Beacon of Light said:


> right and seeing how popular the moon mode from the original Quark series was/is, you'd think EVERY manufacturer would capitalize on this. I just don't get it. :shakehead



because not EVERY customer wants a moon mode, so not EVERY manufacturer will produce one.


----------



## Illumination (Mar 20, 2010)

ZebraLight said:


> In 4-5 weeks.



any idea when this will be available for ordering? i've been waiting for this for a while. it looks like a great upgrade. good job :thumbsup:

https://www.candlepowerforums.com/posts/3185042&postcount=218


----------



## Beacon of Light (Mar 22, 2010)

Ragiska said:


> because not EVERY customer wants a moon mode, so not EVERY manufacturer will produce one.



If given the choice they WOULD. I think people (the general non-flashaholics) have no idea about stuff like this, they turn the light on and that's all they expect is for light to come on. Having said that, if they knew a moon mode could save them money on batteries (they're probably the same people who aren't aware of NiMH rechargeable batteries) since the super low output would extend the life of the batteries, they'd wish all flashlights had this feature. If manufacturers were SMART, they'd want to EDUCATE the non-flashoholics about the money they'd SAVE with this super low output mode that would save them money and could be promoted as a eco-green initiative in that if the consumer used the flashlight exclusively in this super low mode by the time the battery dies, if they used it on full power they would have went through 20 battery changes. Do the math, it makes sense that even the non-flashaholic would take hold of.


----------



## Ragiska (Mar 22, 2010)

Beacon of Light said:


> If given the choice they WOULD. I think people (the general non-flashaholics) have no idea about stuff like this, they turn the light on and that's all they expect is for light to come on. Having said that, if they knew a moon mode could save them money on batteries (they're probably the same people who aren't aware of NiMH rechargeable batteries) since the super low output would extend the life of the batteries, they'd wish all flashlights had this feature. If manufacturers were SMART, they'd want to EDUCATE the non-flashoholics about the money they'd SAVE with this super low output mode that would save them money and could be promoted as a eco-green initiative in that if the consumer used the flashlight exclusively in this super low mode by the time the battery dies, if they used it on full power they would have went through 20 battery changes. Do the math, it makes sense that even the non-flashaholic would take hold of.
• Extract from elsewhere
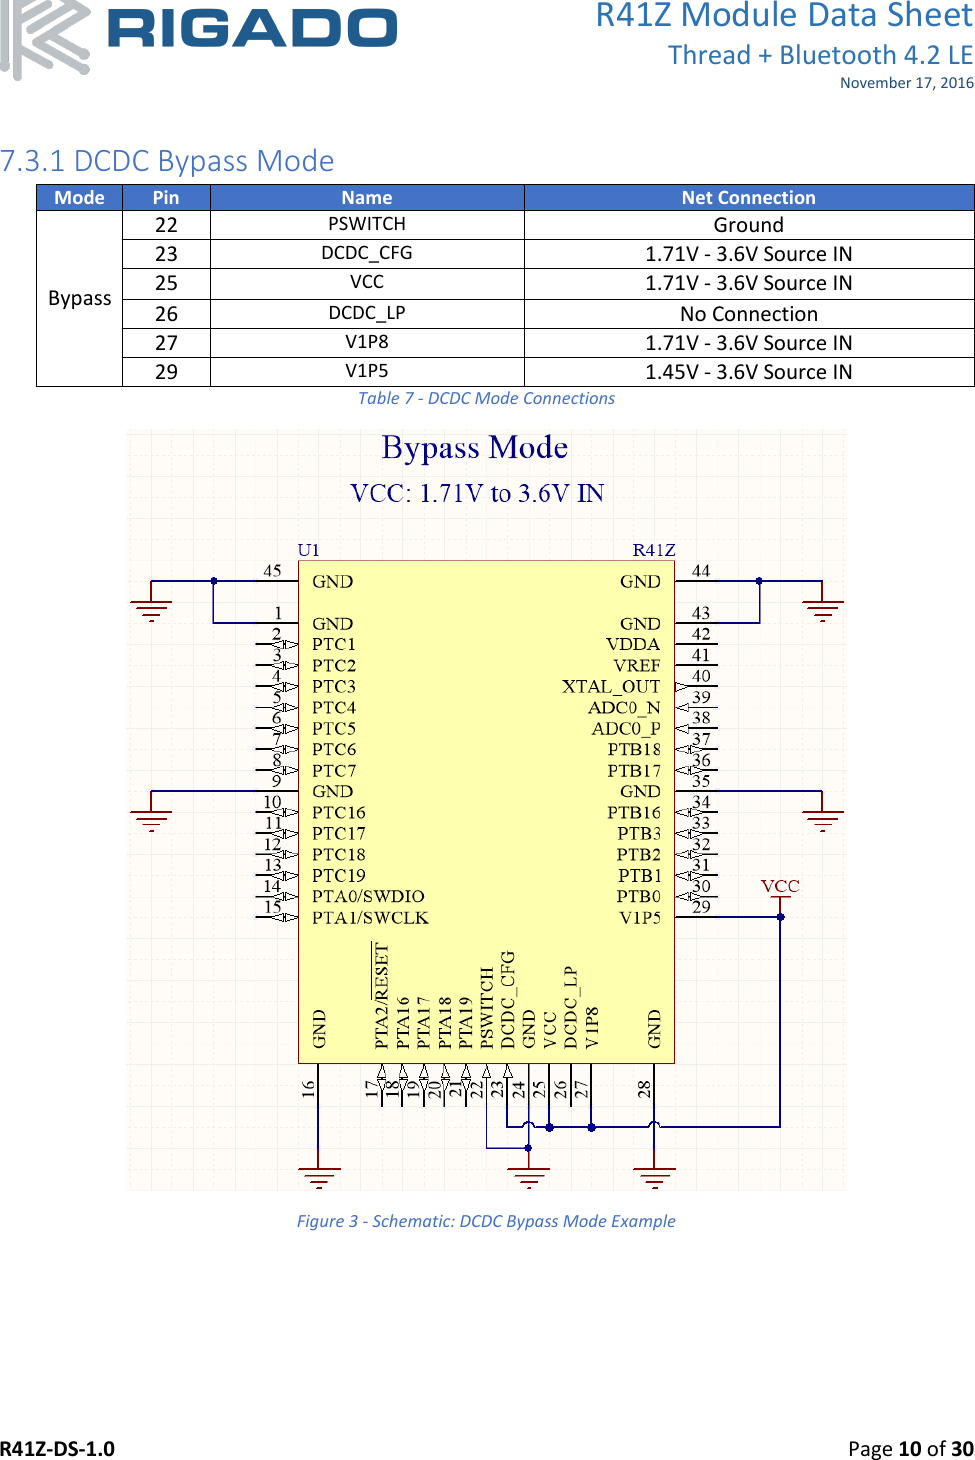 R41Z Module Data Sheet Thread + Bluetooth 4.2 LE November 17, 2016 R41Z-DS-1.0    Page 10 of 30   7.3.1 DCDC Bypass Mode Mode Pin Name Net Connection Bypass 22 PSWITCH Ground 23 DCDC_CFG 1.71V - 3.6V Source IN 25 VCC 1.71V - 3.6V Source IN 26 DCDC_LP No Connection 27 V1P8 1.71V - 3.6V Source IN 29 V1P5 1.45V - 3.6V Source IN Table 7 - DCDC Mode Connections  Figure 3 - Schematic: DCDC Bypass Mode Example

you clearly don't have the ability to comprehend what YOU want to what EVERYONE ELSE wants.

law of supply and demand. people want new technology to give them brighter lights, not dimmer with longer runtimes. that is simply and clearly evidently portrayed with what is available on the market today, which represents what consumers as a whole demand, and not what YOU feel they SHOULD demand.


----------



## Beacon of Light (Mar 22, 2010)

Ragiska said:


> you clearly don't have the ability to comprehend what YOU want to what EVERYONE ELSE wants.
> 
> law of supply and demand. people want new technology to give them brighter lights, not dimmer with longer runtimes. that is simply and clearly evidently portrayed with what is available on the market today, which represents what consumers as a whole demand, and not what YOU feel they SHOULD demand.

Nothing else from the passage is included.